Em primeiro lugar, a evolução de um site espaço-temporal pode ser descrita em termos de graus de liberdade (ou, equivalentemente, de conteúdo informativo) localizados dentro dos limites deste site. Em segundo lugar, a gravidade se torna insensível a mudanças no nível de energia zero. Na teoria de Einstein, a gravidade é responsável pela quantidade absoluta de energia, razão pela qual é quase impossível calcular a constante cosmológica. Mas para um paradigma baseado no conteúdo da informação, não é assim. Terceiro, a abordagem informacional sugere que não devemos imaginar a evolução cósmica de acordo com uma certa solução das equações de Einstein. Essas equações surgem de um conjunto mais preciso de equações que descrevem os graus quânticos de liberdade do espaço-tempo [Padmanabhan, T. Nós realmente entendemos o cosmos? Comptes Rendus Physique 18, 275-291 (2017)].
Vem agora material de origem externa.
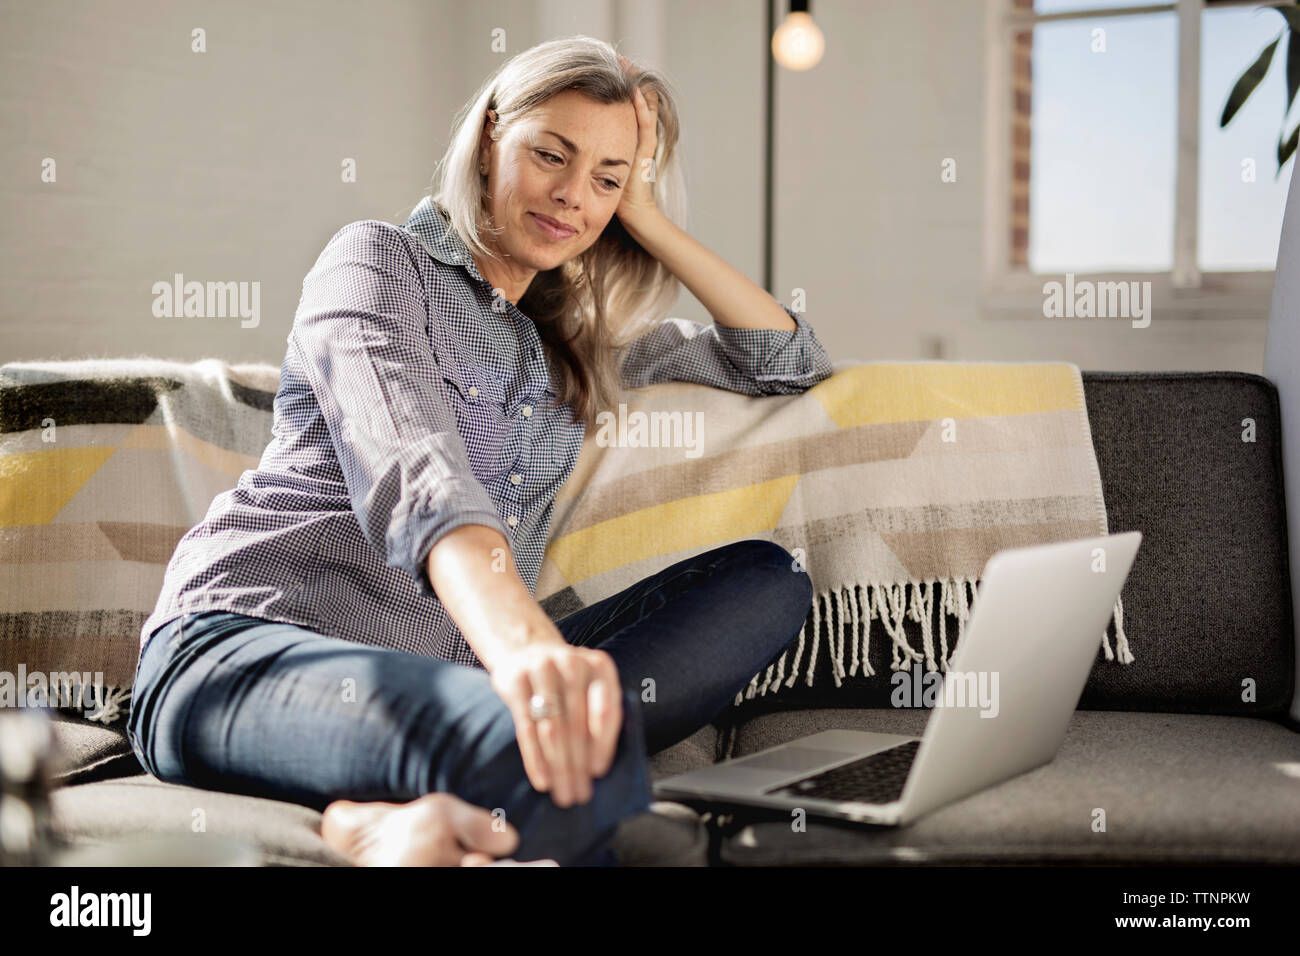 Relaxed woman with laptop sitting on sofa Stock Photo

A abordagem da informação, confirmada pelo nosso modelo de cosmina, nos dá uma imagem nova e vívida do Universo, semelhante a um grande pedaço de gelo contendo uma fonte de calor. Uma fonte de calor derrete o gelo ao seu redor, criando uma seção de água que se expande, alcançando o equilíbrio termodinâmico local. Em larga escala, mais próximo do limite da fase, as moléculas ainda não alcançaram o equilíbrio, pois um pedaço de gelo é aquecido por dentro. Curiosamente, isso é muito semelhante ao comportamento do nosso universo. Uma parcela de água é semelhante ao Universo observável (descrito pela teoria de Einstein). Está cercado por uma fase pré-geométrica (semelhante ao gelo), descrita por até agora leis desconhecidas da gravidade quântica. A idéia do Big Bang desaparece e, em vez disso, aparece uma transição de uma fase para outra ao longo da fronteira. A necessidade de um período inflacionário também desaparece.
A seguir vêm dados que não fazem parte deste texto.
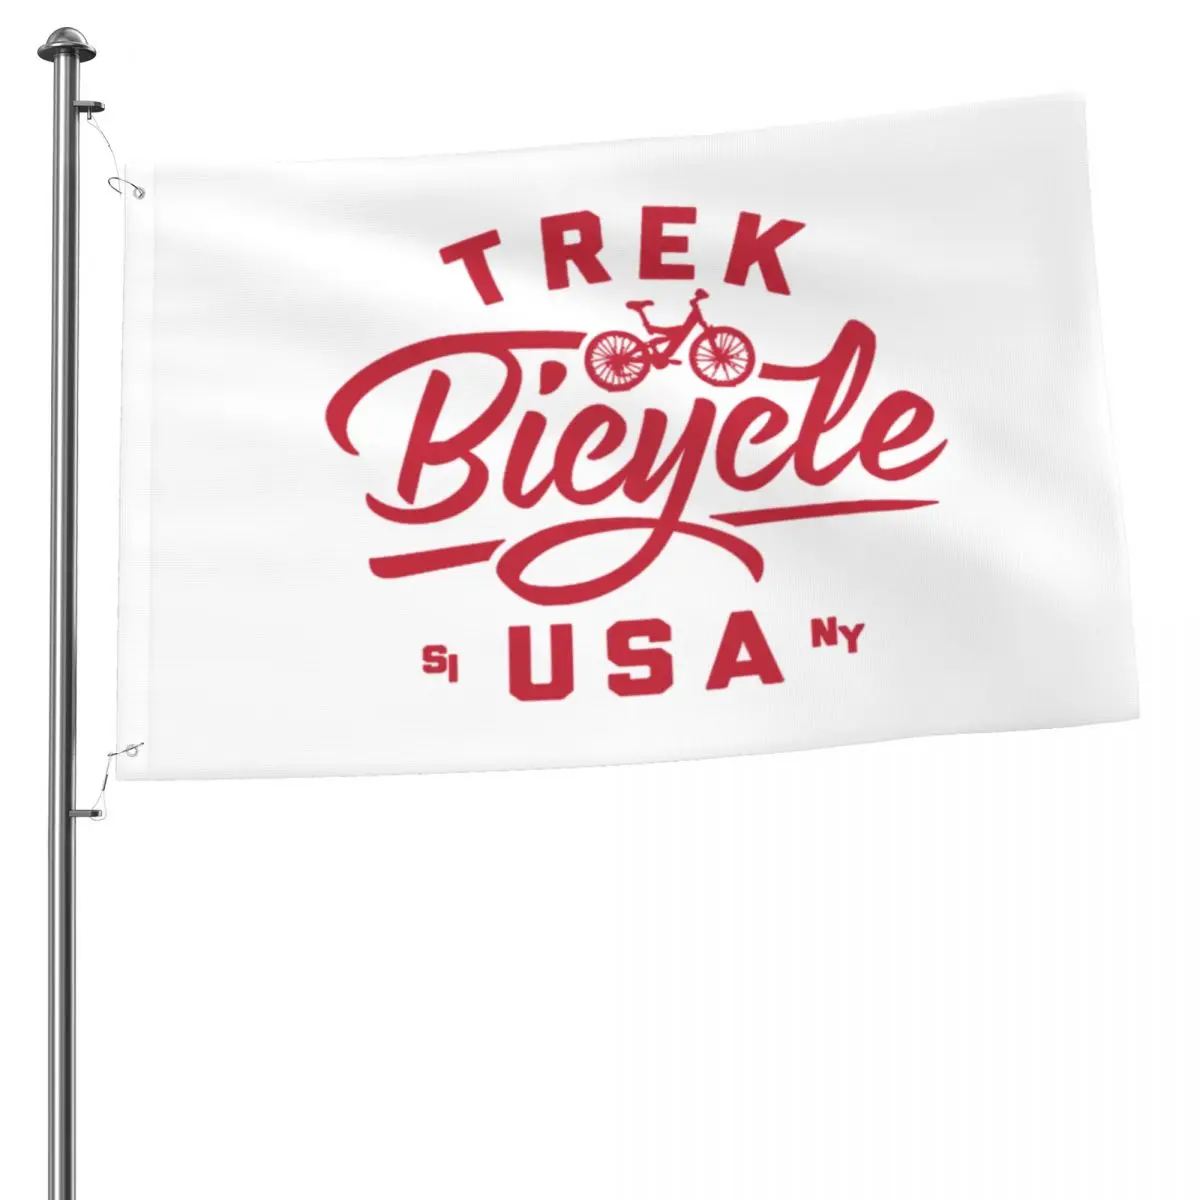 

Trek Bicycle USA Outdoor Flag Decorative Banners For Home Decor House Yard Outdoor Party Supplies 2x3ft

Toda a plataforma é simples e elegante, pois é descrita por um único parâmetro: a escala de energia da transição de fase do Universo primitivo da pré-geometria para a geometria de Einstein. Isso difere dos modelos inflacionários convencionais que contêm muitos parâmetros e não possuem capacidade preditiva. Nosso modelo não usa física não verificada. O único postulado que fizemos é que o conteúdo do Universo deve ser igual a 4π, ​​a área da superfície de uma única esfera.
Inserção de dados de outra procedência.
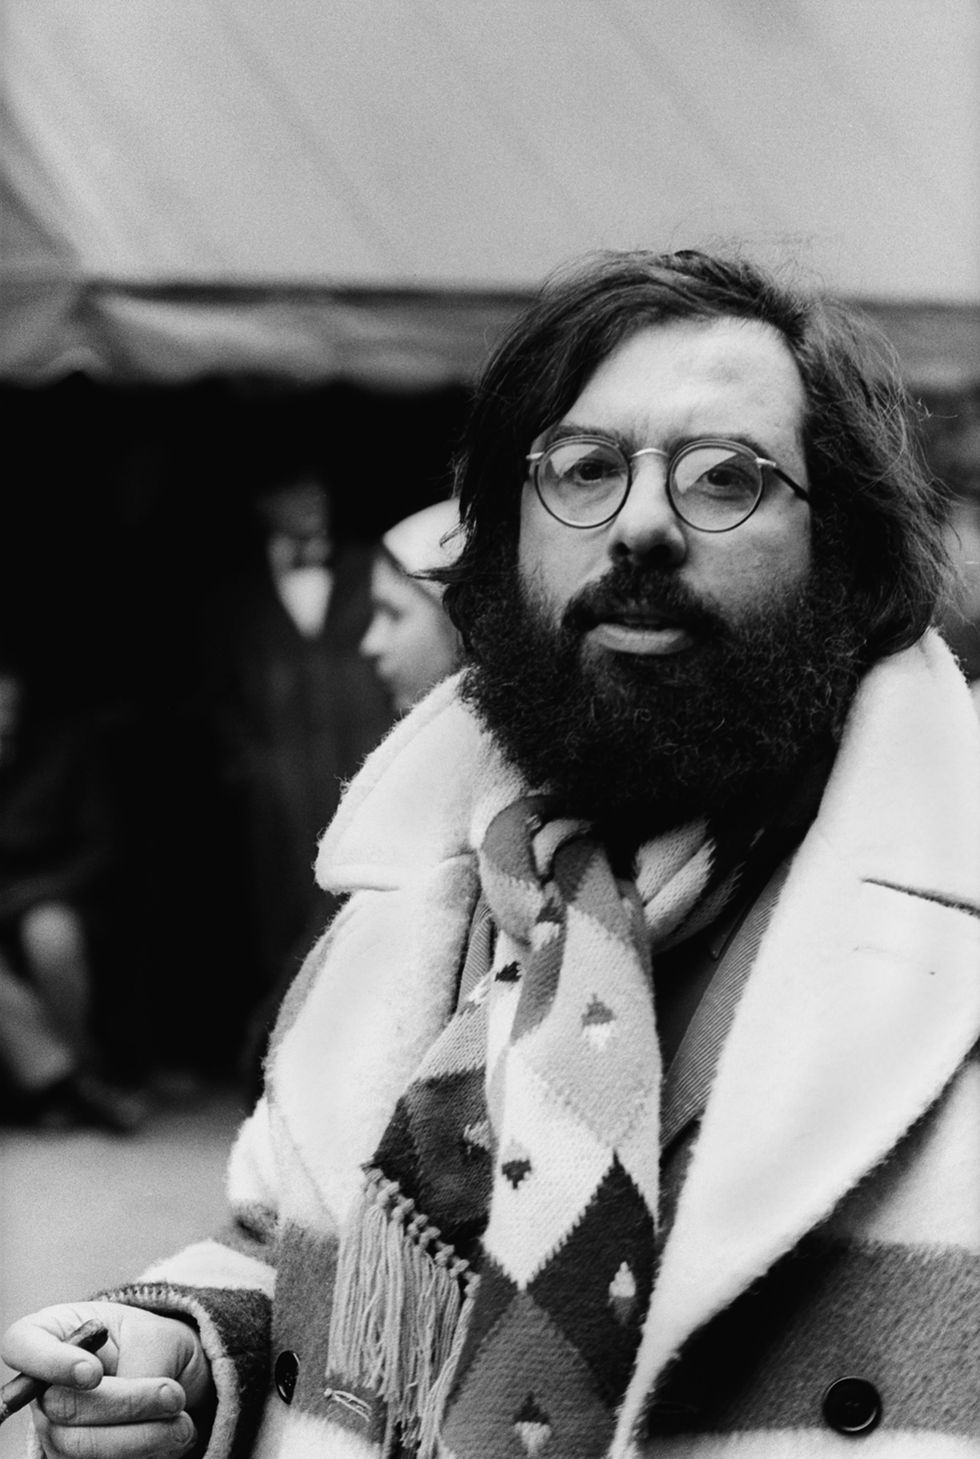 francis ford coppola on the godfather ii set

O trabalho abre três novas áreas de pesquisa. Primeiro, ela nos convida a estudar a física da fase pré-geométrica em vários modelos de gravidade quântica. Segundo, fornece uma oportunidade para estudar a idéia de informações espaciais usadas neste trabalho e tentar conectá-las a outras idéias semelhantes usadas em outros contextos. Terceiro, reforça a ideia de que o espaço-tempo consiste em graus mais elementares de liberdade - assim como a matéria consiste em átomos - e nos encoraja a estudar as várias fases do espaço-tempo da mesma maneira que estudamos as várias fases da matéria na física da matéria condensada .

Tanu Padmanabhan é professora do Centro Interuniversitário de Astronomia e Astrofísica da Índia.